13. The method of claim 12
The user terminal is
Determining a target voice that the user wants to listen to by using the learned artificial neural network,
The artificial neural network
A system for selective amplification of voice, which is a neural network trained to output whether the user wants to listen in response to the input of the EEG data, based on the learning data including the EEG data in which the user's listening desire is marked.

13. The method of claim 12
The at least one characteristic value is
The selective amplification system of a voice, comprising at least one of a gender of a speaker of the target voice, a pitch of the target voice, a frequency of the target voice, and an utterance pattern of the target voice.

13. The method of claim 12
The input sound is
A sound sensed by any one of the user terminal and the voice output unit in real time, and including a plurality of spoken voices uttered by a plurality of speakers,
The user terminal is
a speech characteristic value that is a characteristic value of the speaker's voice uttered at a first time point is checked, and it is determined whether a similarity between the speech characteristic value and a characteristic value of the target voice exceeds a predetermined threshold similarity, and the predetermined threshold and adjusting at least one of the output characteristic values of the audio output unit when the similarity is exceeded.

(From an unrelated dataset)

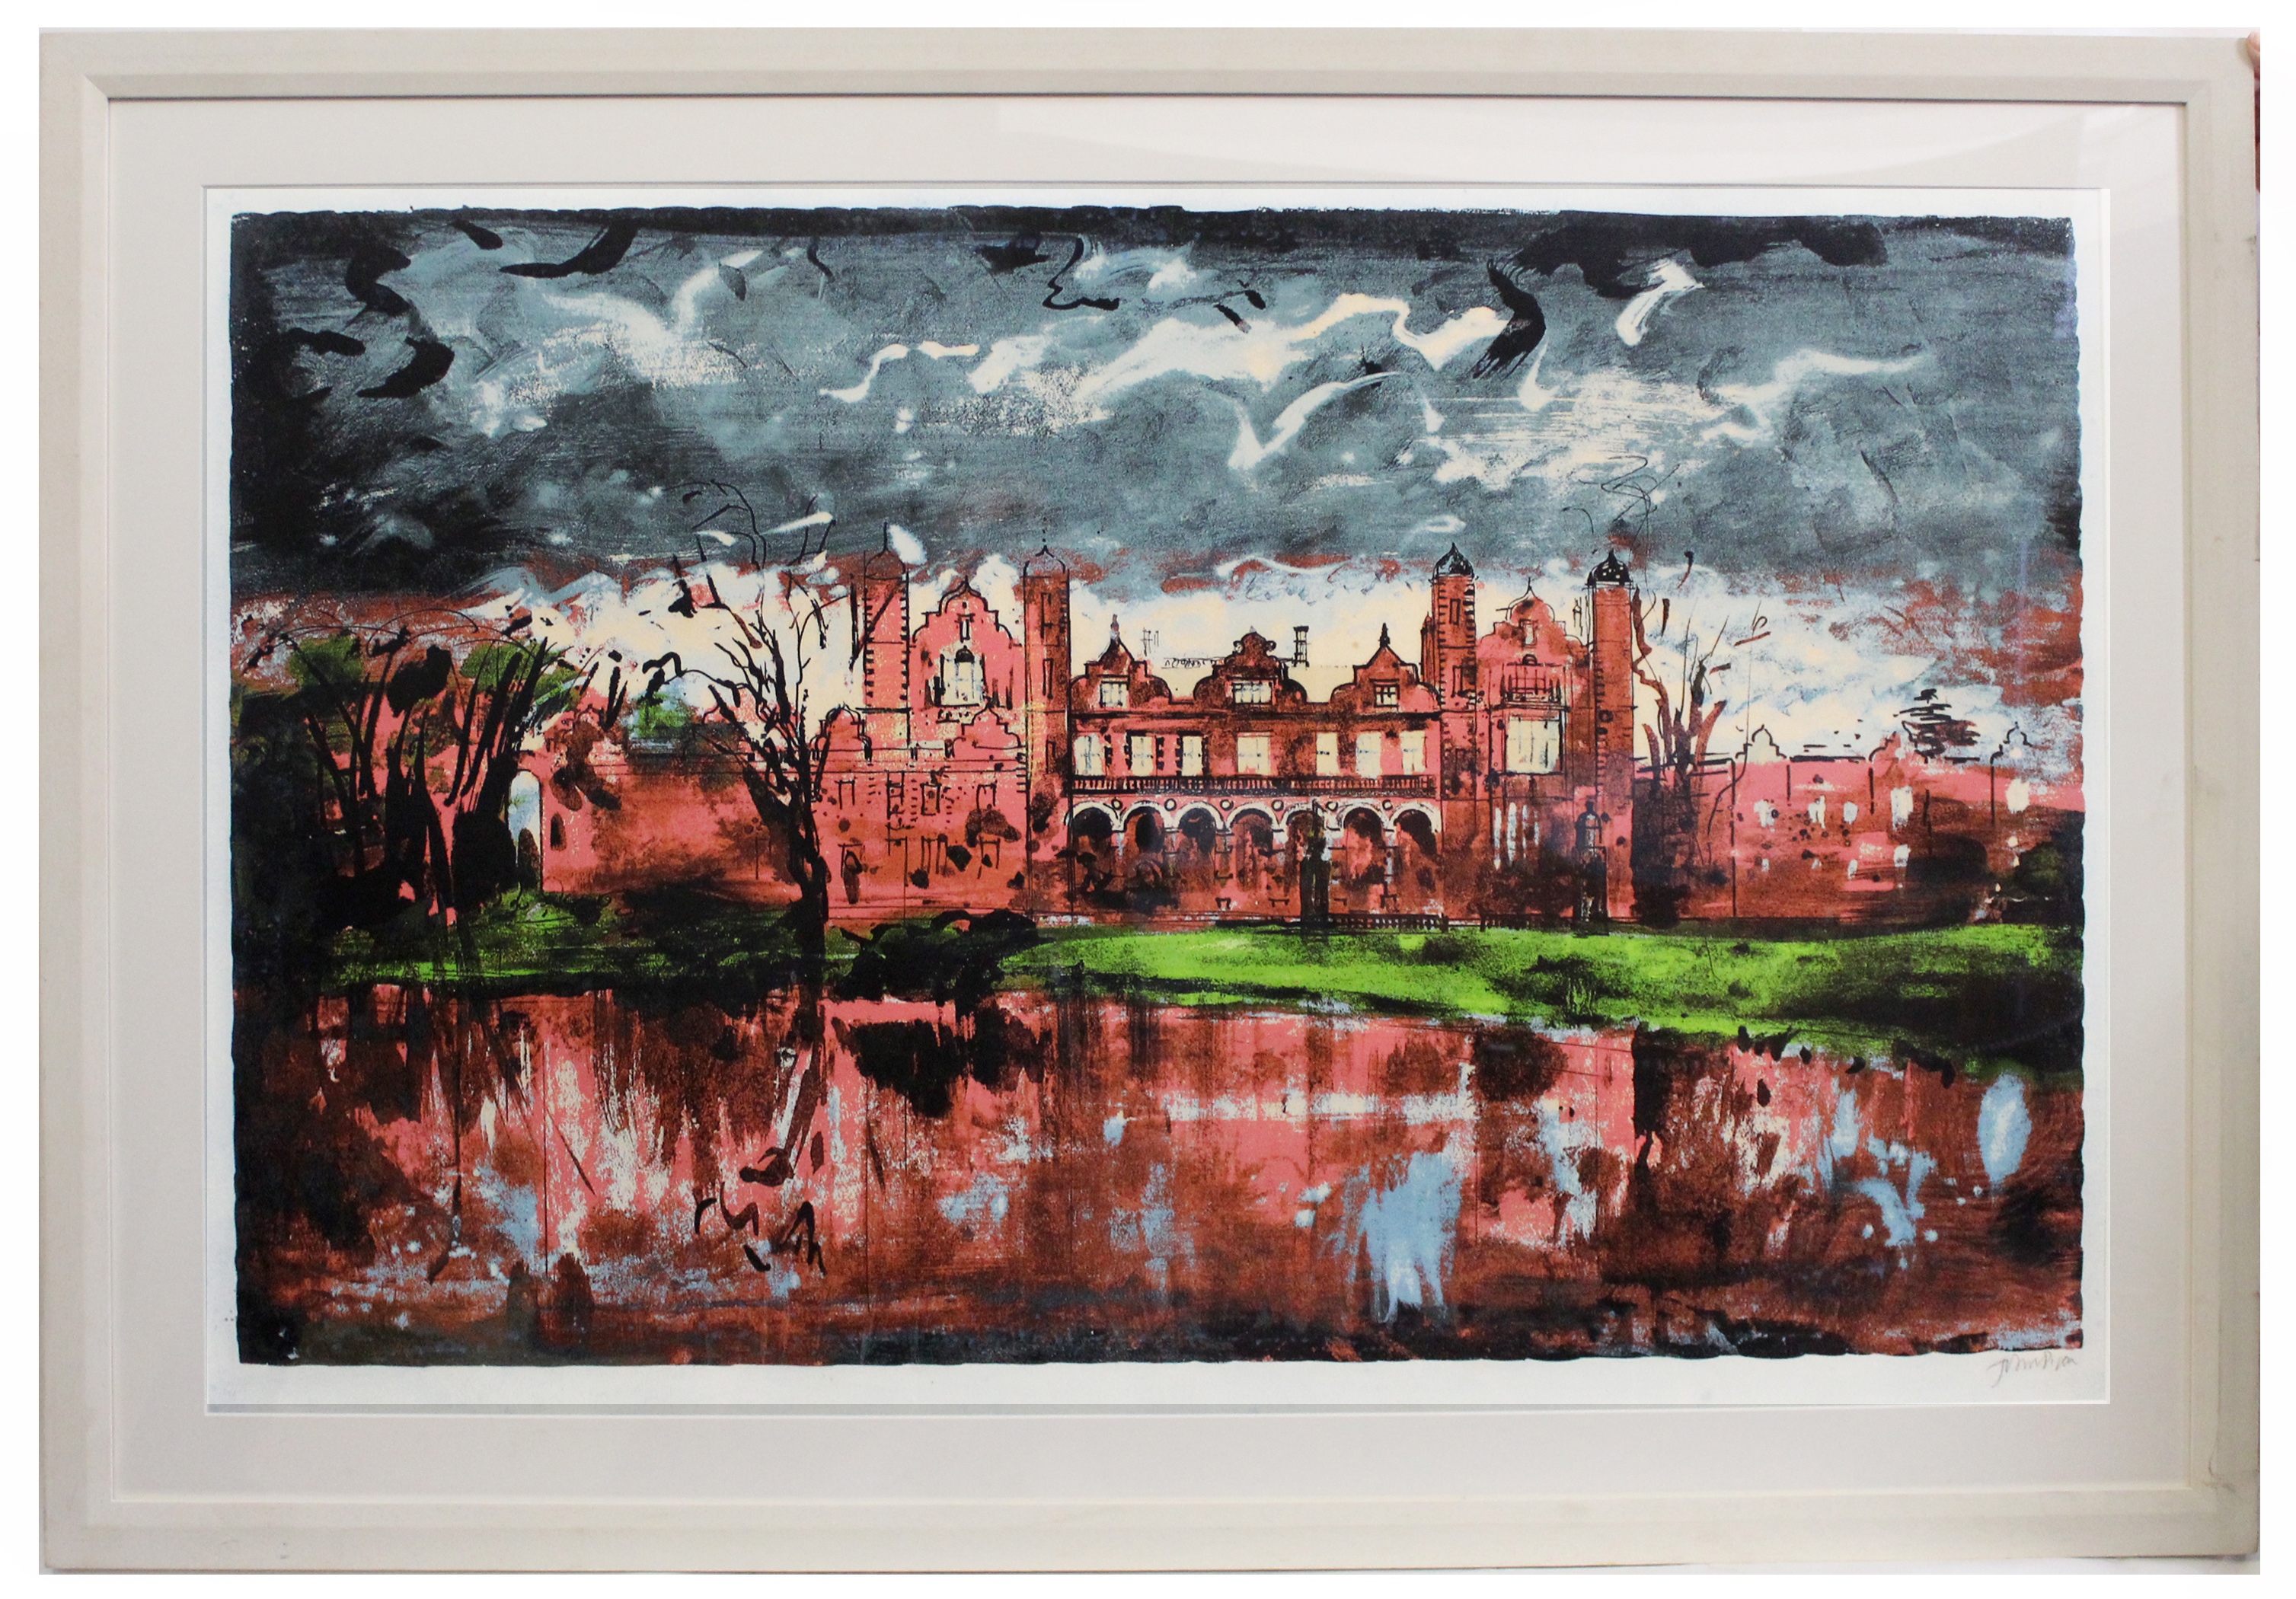 AR JOHN PIPER CH (1903-1992) “Capesthorne” (Levinson 268)lithograph, signed and numbered - Image 2 of 2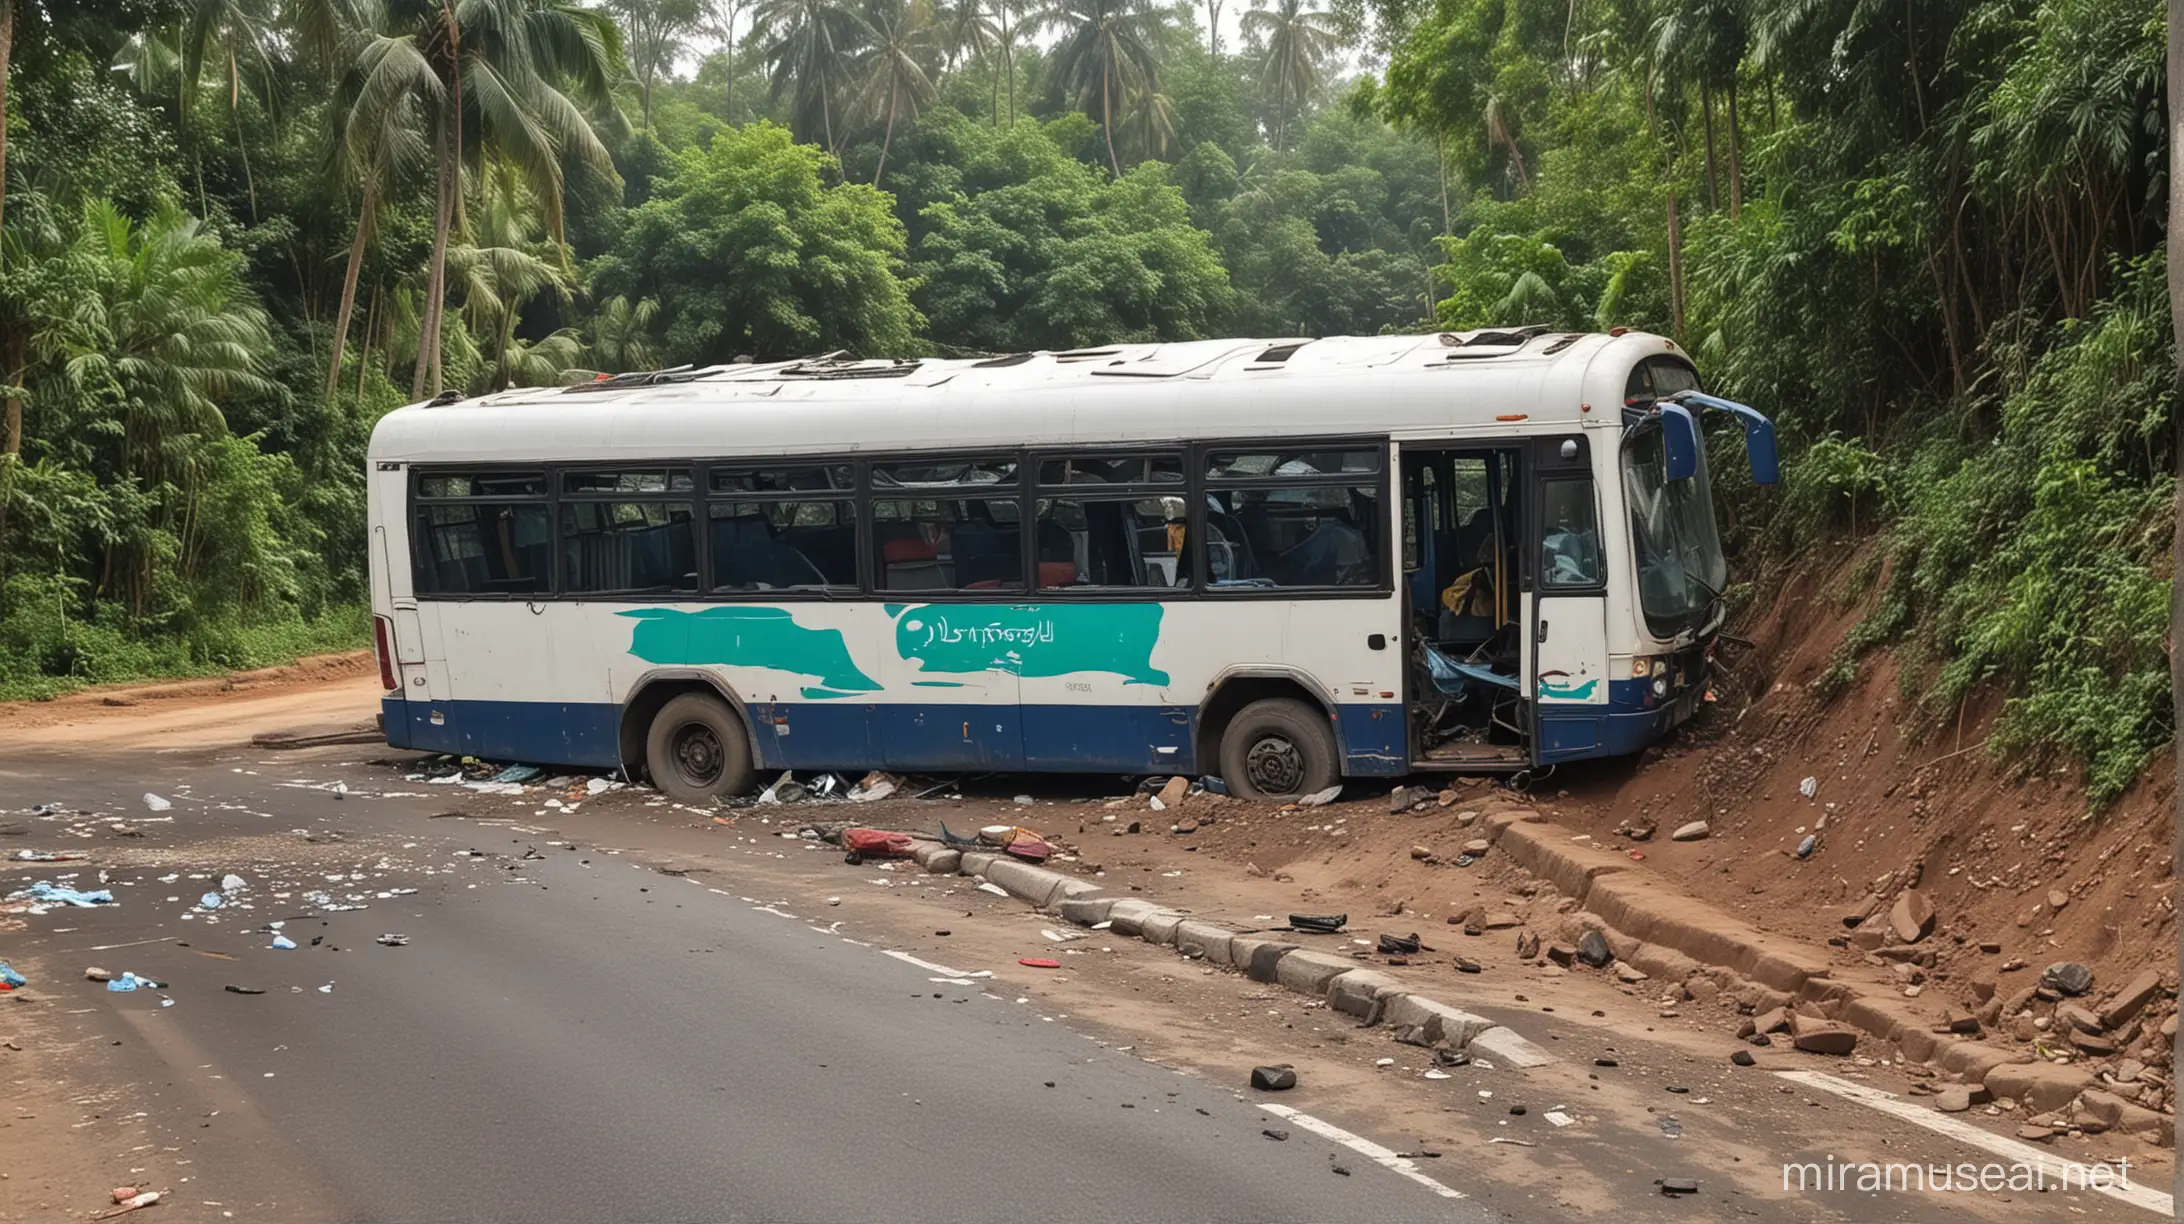 Detailed Scene of Bus Accident on Village Road in India

18. The method of claim 17
The user terminal is
Identifying a frequency band to which the speaker's voice uttered at the first point of time belongs, and setting the amplification level of the sound of the identified frequency band in the input sound to be higher than the amplification level of the sound of a band other than the identified frequency band , a system for selective amplification of speech.

19. The method of claim 18
The user terminal is
A second time point, which is a time point at which the speaker's voice uttered at the first time point ends, is detected, and the degree of amplification of the sound of the identified frequency band from the second time point is amplified of the sound of a band other than the identified frequency band. A selective amplification system for voice, set equal to the degree.

13. The method of claim 12
The user terminal is
and controlling the audio output unit to output both an offsetting sound for canceling the input sound and the amplified sound.

21. The method of claim 20
The canceling sound is
The system for selectively amplifying speech, wherein the input sound and the sound are equal in amplitude and opposite in phase.